La Asociación Psiquiátrica Norteamericana, en su Manual Diagnóstico y Estadístico de Perturbaciones Mentales, caracteriza el sadismo como manifestación exclusivamente masculina. Sin embargo, excepcionalmente, las mujeres son capaces de publicar un sadismo insospechado. Tal el caso de las caporalas de los campos de concentración nazis. En Belsen había una rubia que se hizo famosa por sus atrocidades, Irma Griese, alias El Ángel Rubio, que estuvo también en Auschwitz y que no se cansaba de repartir latigazos las veinticuatro horas del día. Otra sádica notoria fue la Führerin Hasse, a la que Olga Lengyel llama La Aborrecible en sus Memorias de Ultratumba. En Majdanek, Herminia Braunsteiner, condenada en julio de 1981 a cadena perpetua, mató a patadas a unas mil personas, principalmente mujeres y niños. Le decían La Yegua de Majdanek y usaba siempre botas de montar.
Rudolf Hoess, el comandante del campo de concentración de Auschwitz, dice en su autobiografía que las caporalas superaban a los caporales en bajeza y salvajismo.
“No creo –declara Hoess– que los hombres sean capaces de tal grado de brutalidad. Me estremezco pensando cómo [las caporalas] estrangulaban a las judías francesas y cómo las mataban a hachazos y las destrozaban en jirones.” (Rudolf Hoess, Yo, Comandante de Auschwitz. Autobiografía. Barcelona, Muchnik, 1979, 134-135.)

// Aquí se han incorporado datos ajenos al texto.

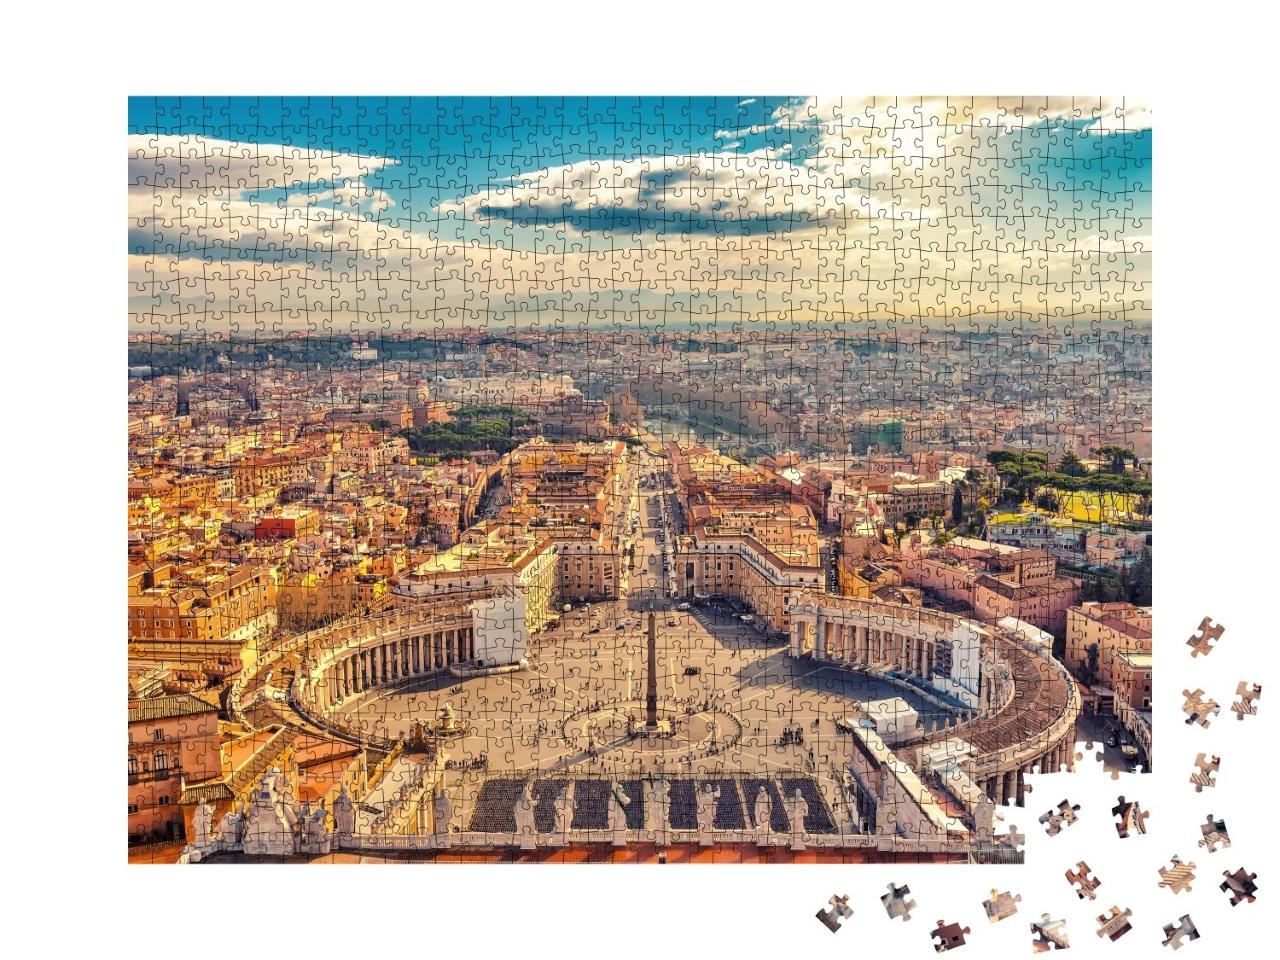 Puzzle 1000 Teile „Petersplatz im Vatikan, Rom“

Mujer de gran sadismo y probada criminalidad fue la noble húngara Erzsébet (Isabel, en húngaro) Báthory, condenada en 1611 a encierro perpetuo en su propio castillo de los Cárpatos por haber asesinado a seiscientas cincuenta muchachas. Las mataba con sádico refinamiento y de diferentes maneras. Por ejemplo, metía a la víctima, o mejor dicho, la embutía en una jaula muy estrecha y llena de púas superofensivas que naturalmente hincaban de lo lindo a la recién llegada, haciéndola sangrar por todas partes. Erzsébet Báthory colgaba entonces la jaula del cielo raso y contemplaba gozosa la lluvia de sangre. Además, se bañaba con sangre, firmemente convencida de que ésta la rejuvenecía y realzaba su belleza. Pero este caso es inusual, ya que el gusto por lo cruento no es propio de la mujer, sino del hombre. Recuerdo que yo solía concurrir al Luna Park para ver las peleas de boxeo y algunos espectadores gritaban: “¡Quiero ver sangre!”. Nunca vi a una mujer diciendo lo mismo, y eso que había varias en la concurrencia.